This article is an answer and interpretation of the: ECG Case 152
ECG 1 shows a regular rhythm at a rate of 220bpm. There are no P waves seen before or after any QRS complex. The QRS complex duration is increased (0.16sec) and there is a right bundle branch block morphology (broad R wave in lead V1 [←] and broad S waves in leads I and V4–V6 [→]).
Noted is that the initial R wave in leads V4–V6 is narrow (<100msec) while the S wave is widened and accounts for the increase in the QRS duration. Hence this is a criterion for a supraventricular tachycardia with a right bundle branch block. In addition, the axis is extremely leftward between –30° and –90° (positive QRS complex in lead I and negative in leads II and aVF).

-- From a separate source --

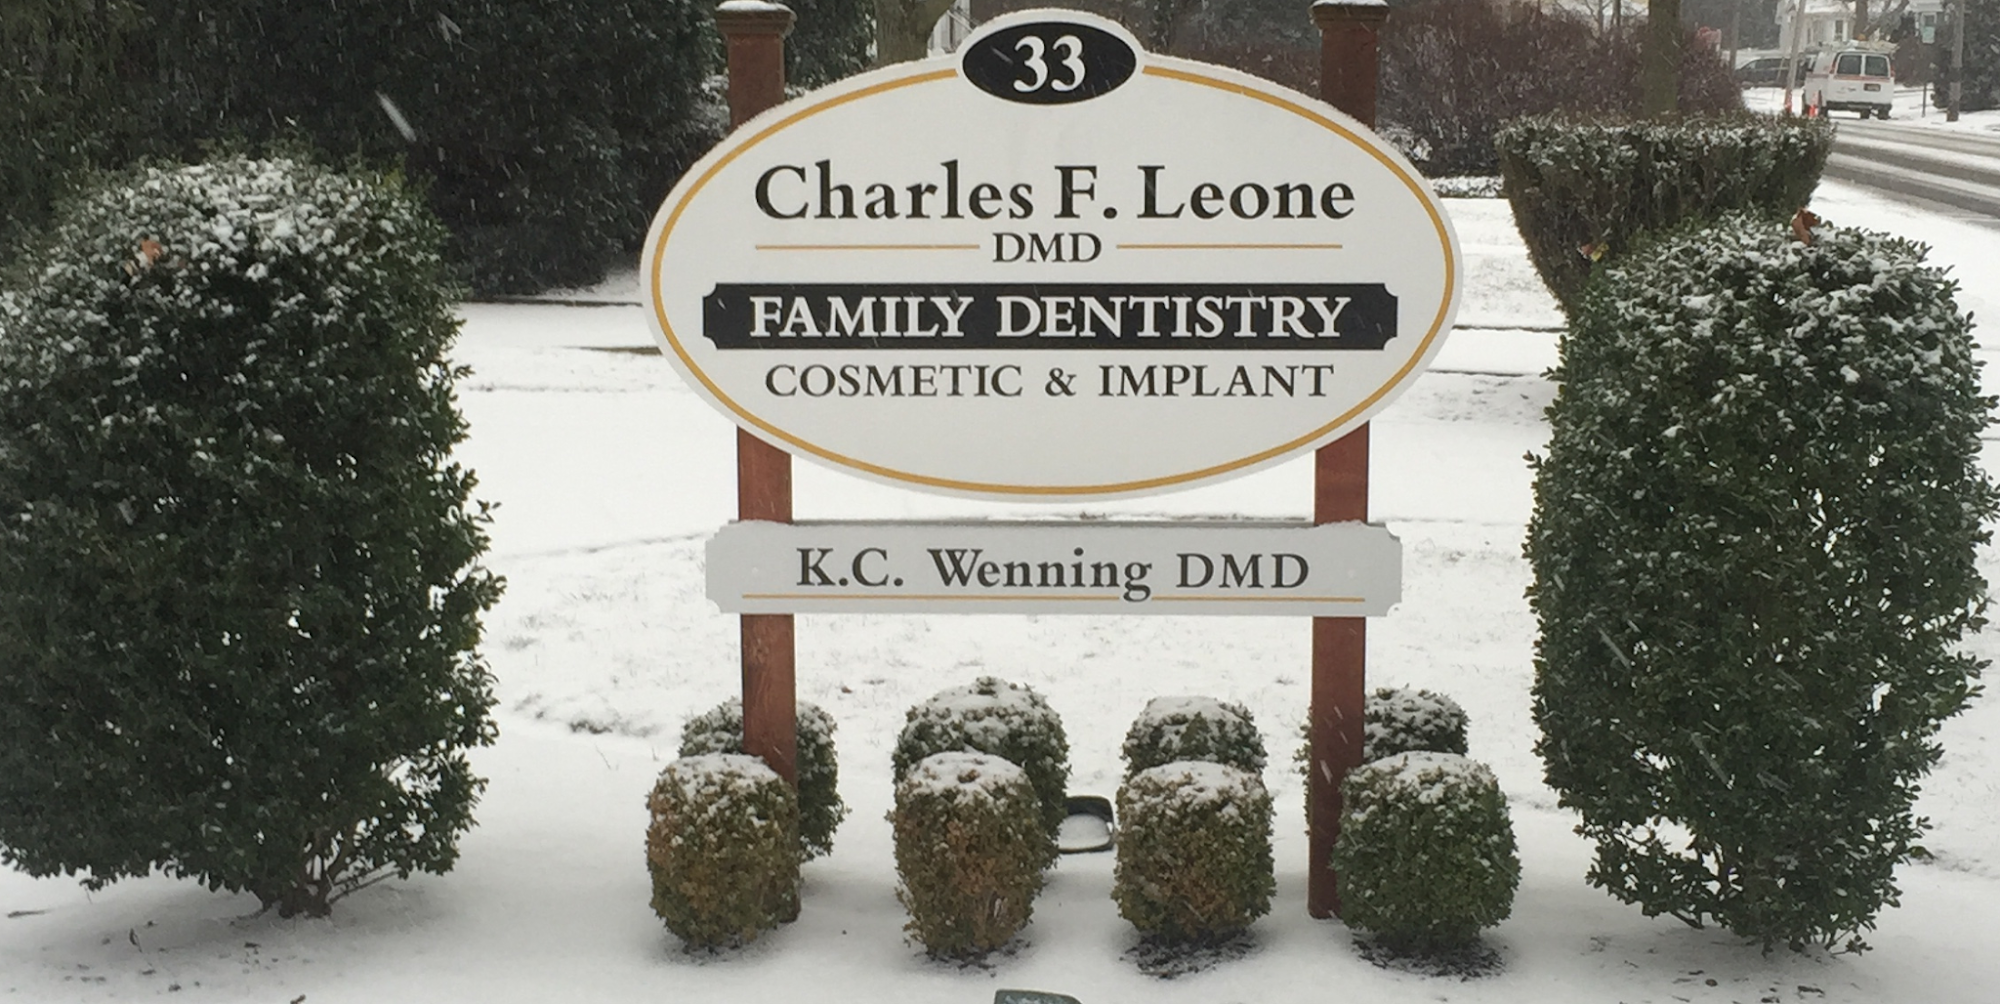 Charles F. Leone and Dr. K. C. Wenning Dental

The two etiologies for an extreme left axis are an inferior wall myocardial infarction, in which there is a deep initial Q wave in leads II and aVF, or a left anterior fascicular block, in which there is an rS QRS morphology in leads II and aVF. Therefore, this is a left anterior fascicular block.

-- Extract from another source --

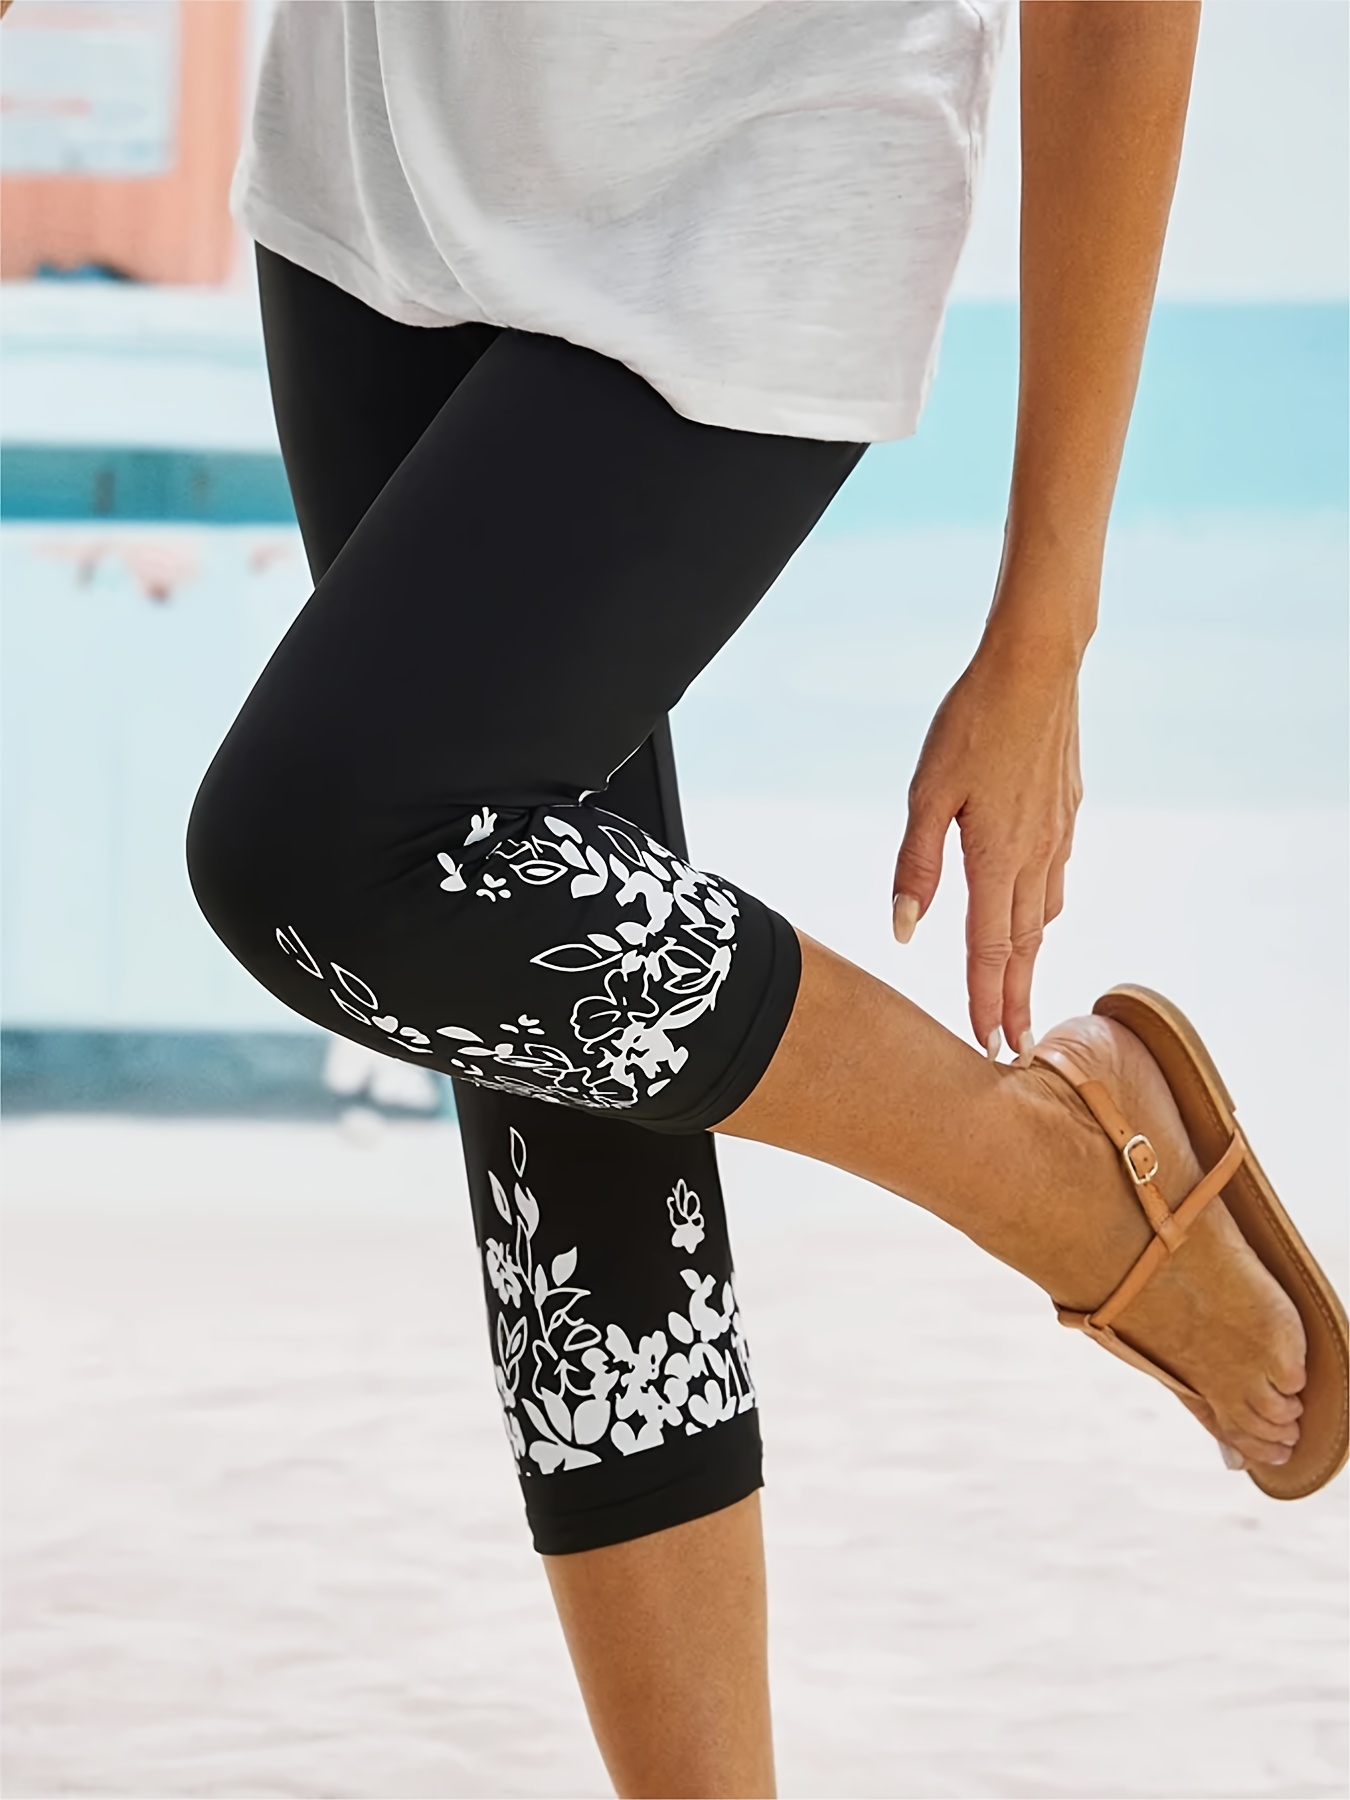 New APANA Floral Print High Waist Women's S Small Capri Leggings Yoga Pants

There is possible ST-segment depression seen in leads I, aVL, and V4–V6 (↑), although it is not clear where the S wave ends and the ST segment begins. Noted is low voltage, defined as a QRS complex amplitude <5 mm (little boxes) in each limb leadand/or <10 mm in each precordial lead.
With the absence of Pwaves, this is termed a no-RP tachycardia. The absence of atrial activity and the rate of 220 bpm of the supraventricular rhythm makes the most likely etiology a typical atrioventricular reentrant tachycardia (AVNRT).
ECG 2 is from the same patient. There is a regular rhythm at a rate of 66bpm. There is a P wave (+) before each QRS complex with a stable PR interval (0.16sec). The P wave is positive in leads I, II, aVF, and V4–V6; hence this is a normal sinus rhythm.
The QRS complex duration is normal (0.10sec) and there is an R′ in lead V1 (←), which is the result of an intraventricular conduction delay to the right ventricle. The axis is leftward between 0° and –30° (positive QRS complex in leads I and II and negative in lead aVF). The QT/QTc intervals are normal (410/430msec).
There is diffuse low voltage (QRS complex <5mm or little boxes in each limb lead and <10mm in each precordial lead). The right bundle branch block morphology is no longer present as the rate is slow. This confirms the fact that ECG 1 showed an AVNRT with a rate-related right bundle branch block aberration.
An AVNRT can be terminated whenever there are changes of conduction of either the slow or the fast pathway, although the slow pathway is usually the limb that is affected. Changes in the electrophysiologic properties can be produced by changing autonomic tone, for example, a vagal maneuver such as Valsalva or carotid sinus pressure will slow or block impulse conduction.
Adenosine can also slow or block AV nodal conduction is an effective therapy for terminating this arrhythmia. AV nodal blocking agents such a b-blockers, calcium-channel blockers (verapamil or diltiazem), or digoxin are also effective.